*** Opening of DATA BELOW ***
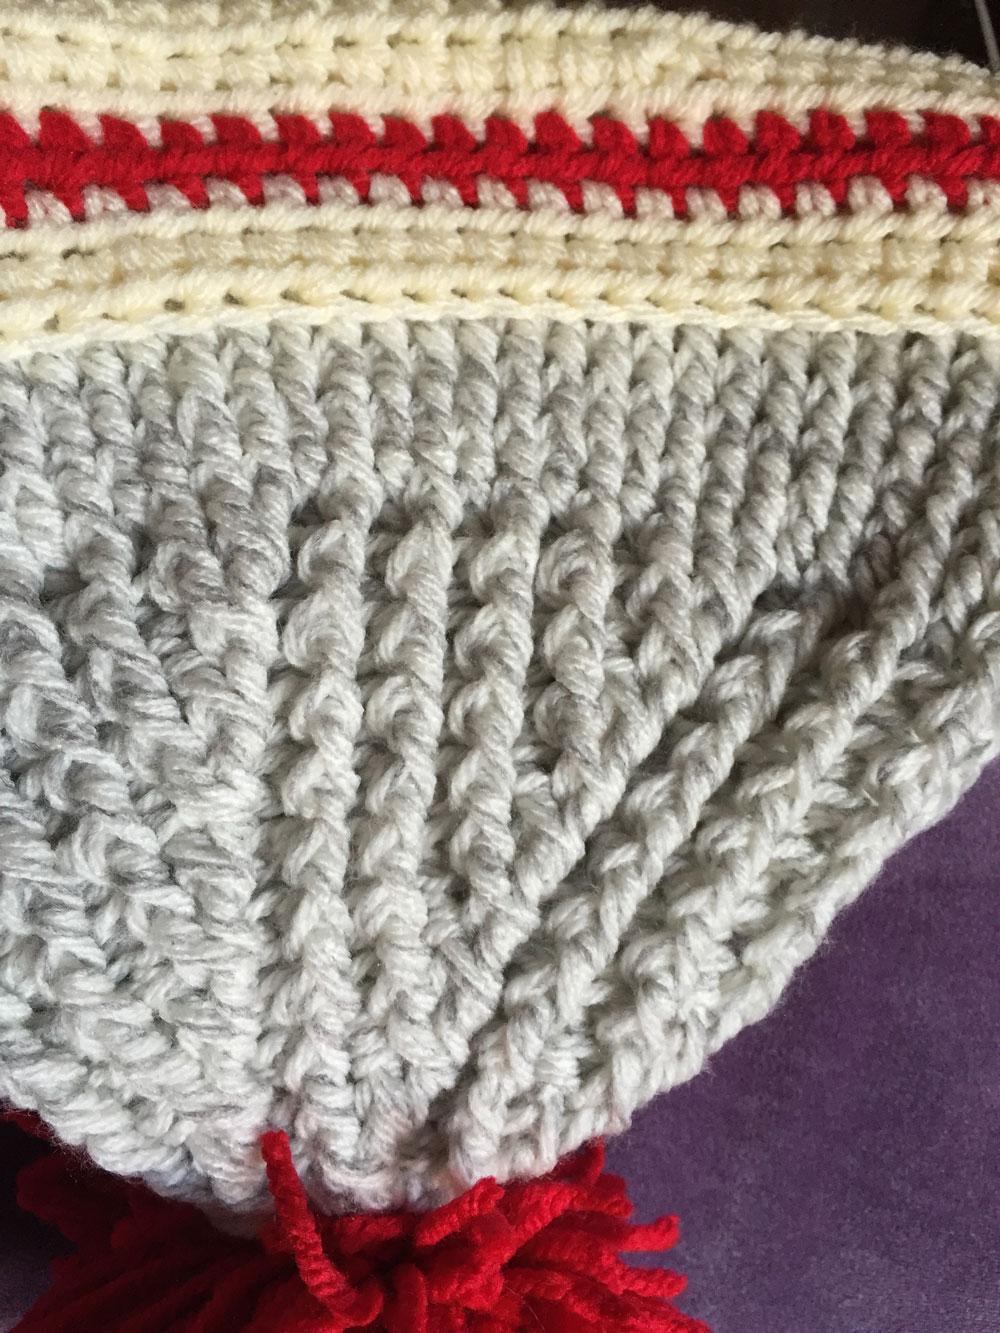 Crochet Sock Hats All Sizes Tutorial The Crochet Crowd
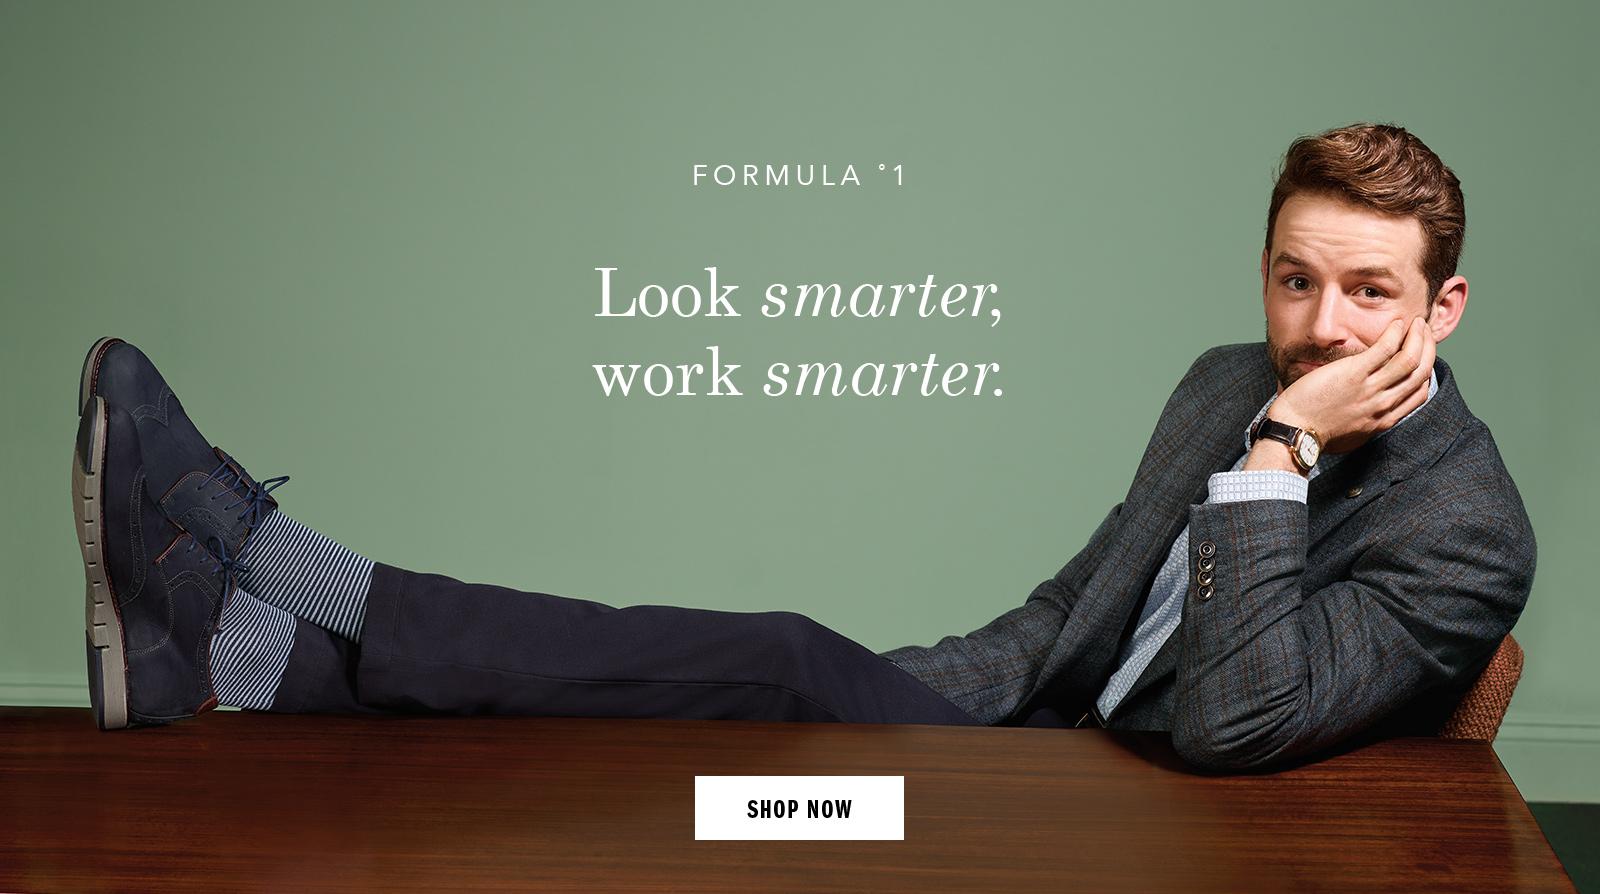 Look smarter work smarter  Shop Men's Shoes and Apparel
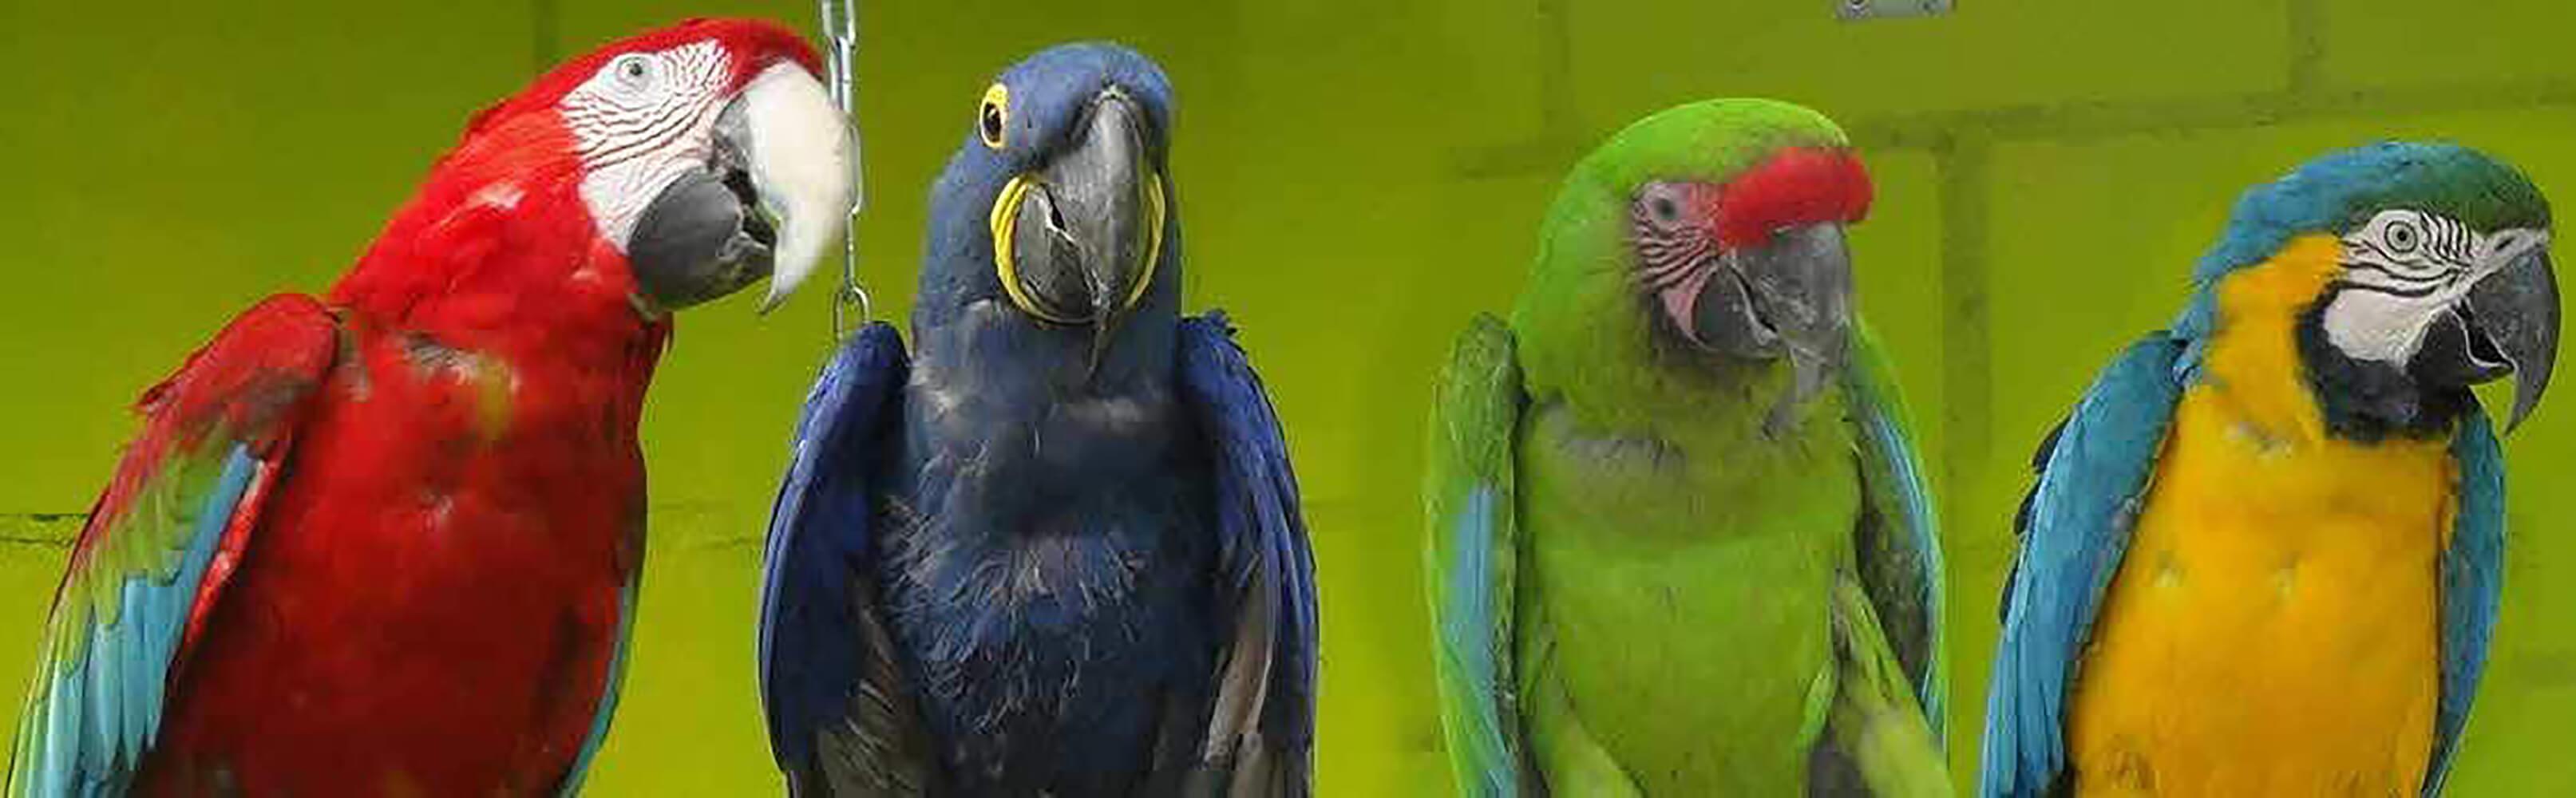 Vogelpark Ambigua 1
*** Close of DATA BELOW ***
REQUIREMENT:
Your answer must be an exact copy of the data above, minus its pictures.

SOLUTION TO THIS EXERCISE:
 Crochet Sock Hats All Sizes Tutorial The Crochet Crowd
 Look smarter work smarter  Shop Men's Shoes and Apparel
 Vogelpark Ambigua 1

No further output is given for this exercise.